# Seeking input on my labs



## LissaJ56 (Sep 30, 2012)

New here, and anxious to get some input and ideas on my current labs. The report from my doctor said they were excellent. I'm not too sure about that.

Free T4 - 0.70 - range 0.59 - 1.61
TSH - 1.86 - range 0.34 - 4.82

This is all of the thyroid test that were ordered, but I always have high antibodies. I have gained almost 15 pounds in 9 months, have muscle weakness and am seriously tired. I have always teetered around within what is considered normal ranges, and therefore was never given any meds. This has been going on since my early 30's. I am now 56. Any thoughts on this would be greatly appreciated.

Thank you!


----------



## Texaschick (May 26, 2012)

HI and welcome Lissa! What are your antibody levels? Have you seen the same doctor all these years? If so...I would go for a second opinion! (I wished I would have sooner!) I had 5 yrs of not feeling good - my heart goes out to you for all the years you have not felt good!


----------



## jenny v (May 6, 2012)

Your FT4 isn't even at the mid range, so you're probably feeling like a slug, aren't you?
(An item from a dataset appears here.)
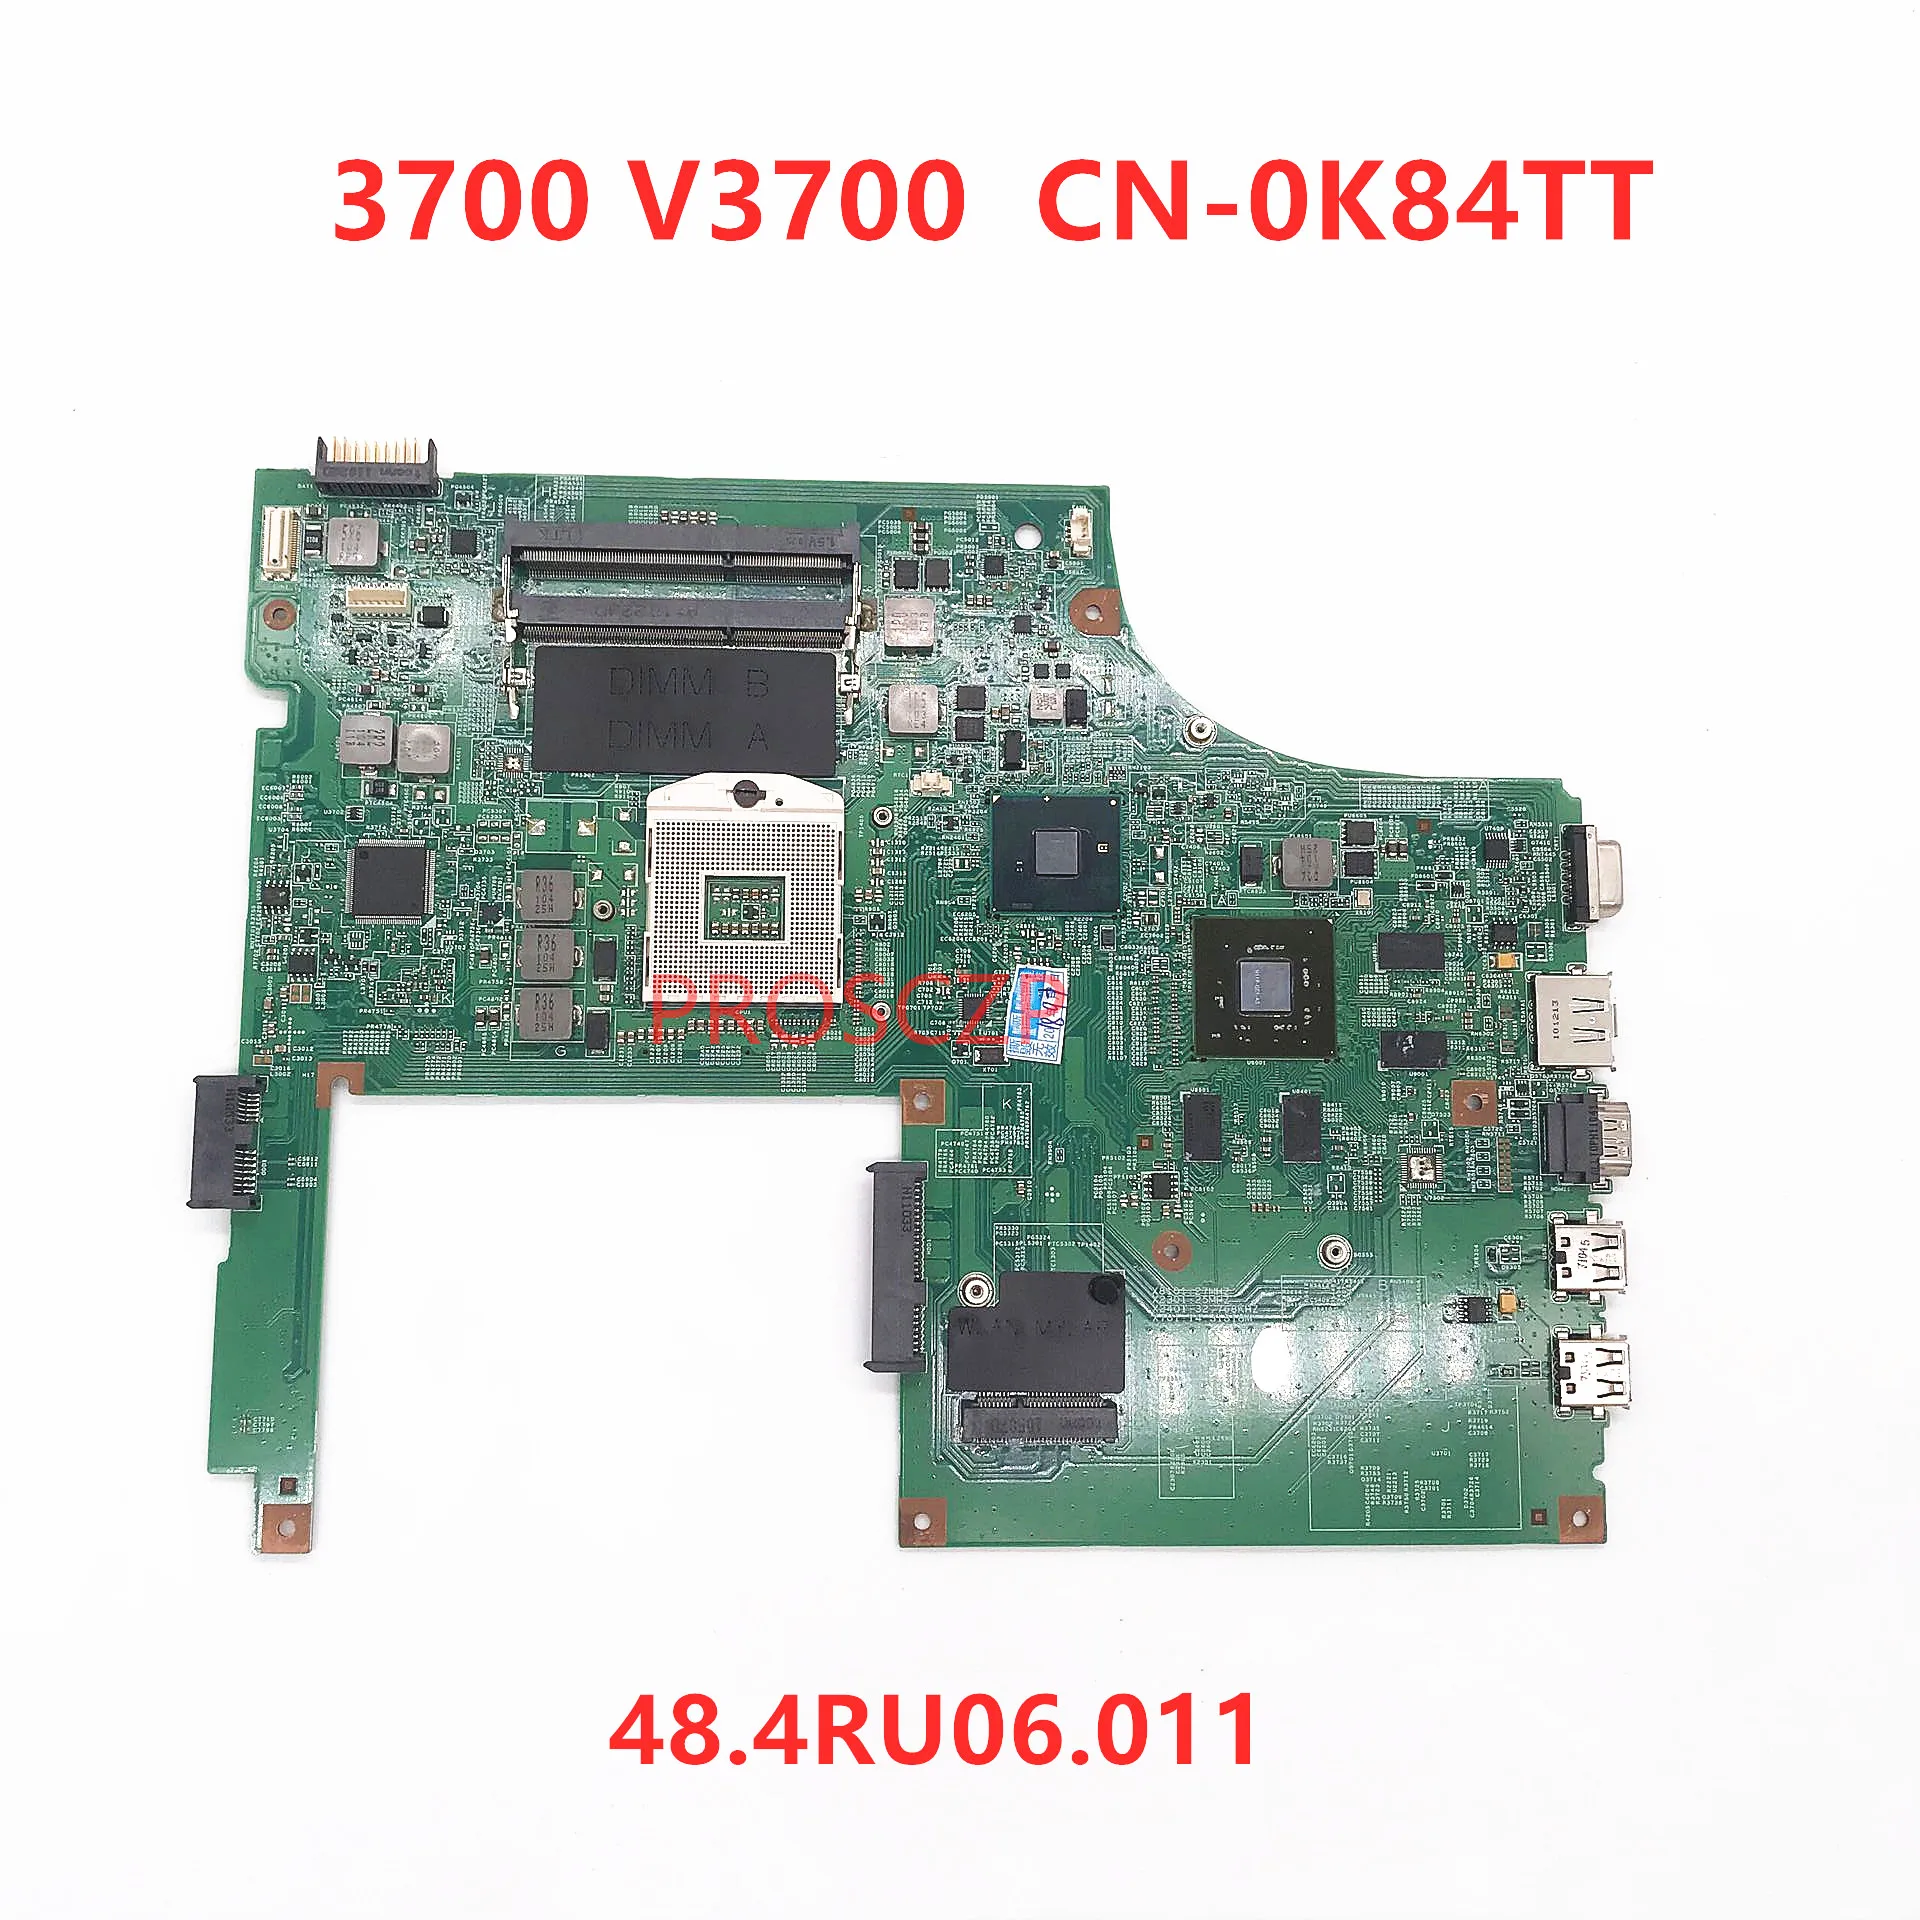 CN-0K84TT 0K84TT K84TT Mainboard For DELL 3700 V3700 Laptop Motherboard 09290-1 48.4RU06.011 N11P-GE1-A3 HM57 100% Working Well

Your TSH isn't bad, but have you had your antibodies tested recently? If they are high, they could be throwing off your labs and explain why you don't feel good. Are you on any medication for your thyroid?


----------



## LissaJ56 (Sep 30, 2012)

My last TPO antibody test was 8 months ago. Here's the results -
53 - range 0 - 34
The year before it was -
72 - range 0 - 34

I don't know if these numbers would be considered moderate, or very high.

I saw the same Endo for several years. He was an excellent doctor, and had thyroid disease himself, which is probably why he took a special interest in dealing with thyroid problems. Sadly, he passed away. I've seen two others since then. The current one is a good doctor, but not ready to give me any meds, etc. So here I am, reading and trying to learn as much as I can. Seems wrong for a person to suffer until they fall completely out of range. I guess that's the gripe with a lot of us. At the same time, we don't want to make things worse. What's a kid to do?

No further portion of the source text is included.